Visit the Course Website for lectures, assignments, and complete course information.
- Syllabus - Course policies, grading, and schedule
- Assignments - Weekly lab assignments with interactive notebooks
- Final Project - Project options and timeline
- Lectures - Lecture outlines and materials
This course features hands-on assignments using real neuroimaging data. Each assignment includes an interactive Jupyter notebook that runs directly in your browser:
What you'll learn:
- Load EEG data in BIDS format
- Apply digital filters to remove artifacts
- Create publication-quality scientific plots
- Calculate and interpret power spectral density
Three ways to complete assignments:
- 🌐 Browser (Recommended): Click the Binder badge above - runs entirely in your browser!
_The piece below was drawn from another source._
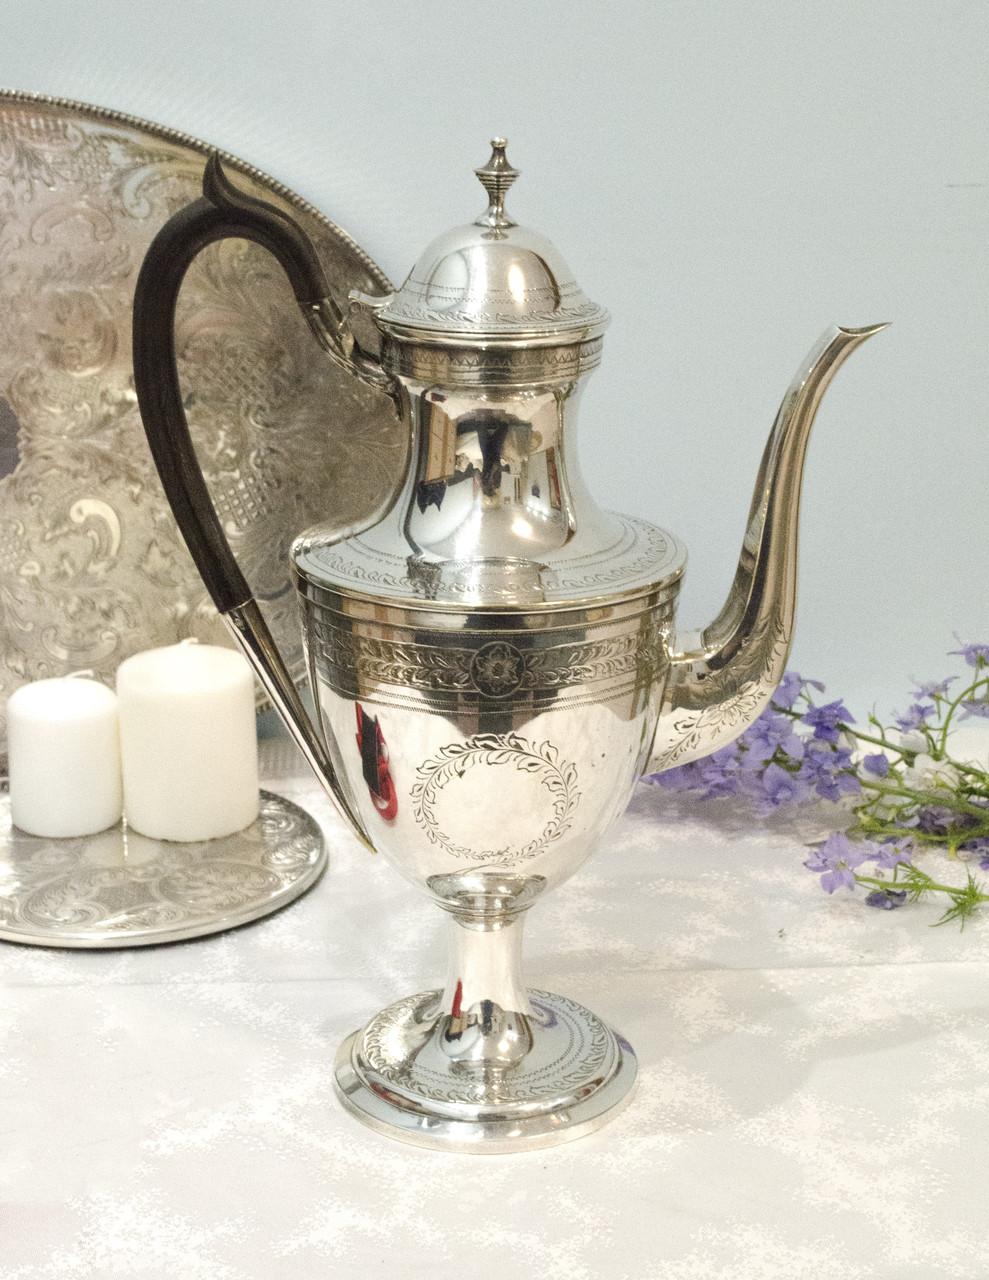 Большой английский посеребренный кофейник, серебрение, Англия, винтаж

- 💻 Local: Download notebooks and run with Jupyter on your computer
- 👁️ Preview: View notebook structure before deciding how to complete it
For Browser Use (Recommended):
- Any modern web browser
- Internet connection
- No installation required!
For Local Use:
- Python 3.8+
- Jupyter Lab/Notebook
- Required packages:
pip install -r requirements.txt
Students will gain experience with:
- EEG/MEG: Signal processing, artifact removal, ERPs, frequency analysis
- fMRI: Preprocessing, activation mapping, connectivity analysis
- fNIRS: Optical brain imaging, hemodynamic responses
- Neurostimulation: tDCS, TMS protocol design and safety
- Programming: Python/MATLAB for neuroimaging analysis
- Hardware: Understanding equipment from engineering perspective
- 25 portable EEG systems (Muse headsets)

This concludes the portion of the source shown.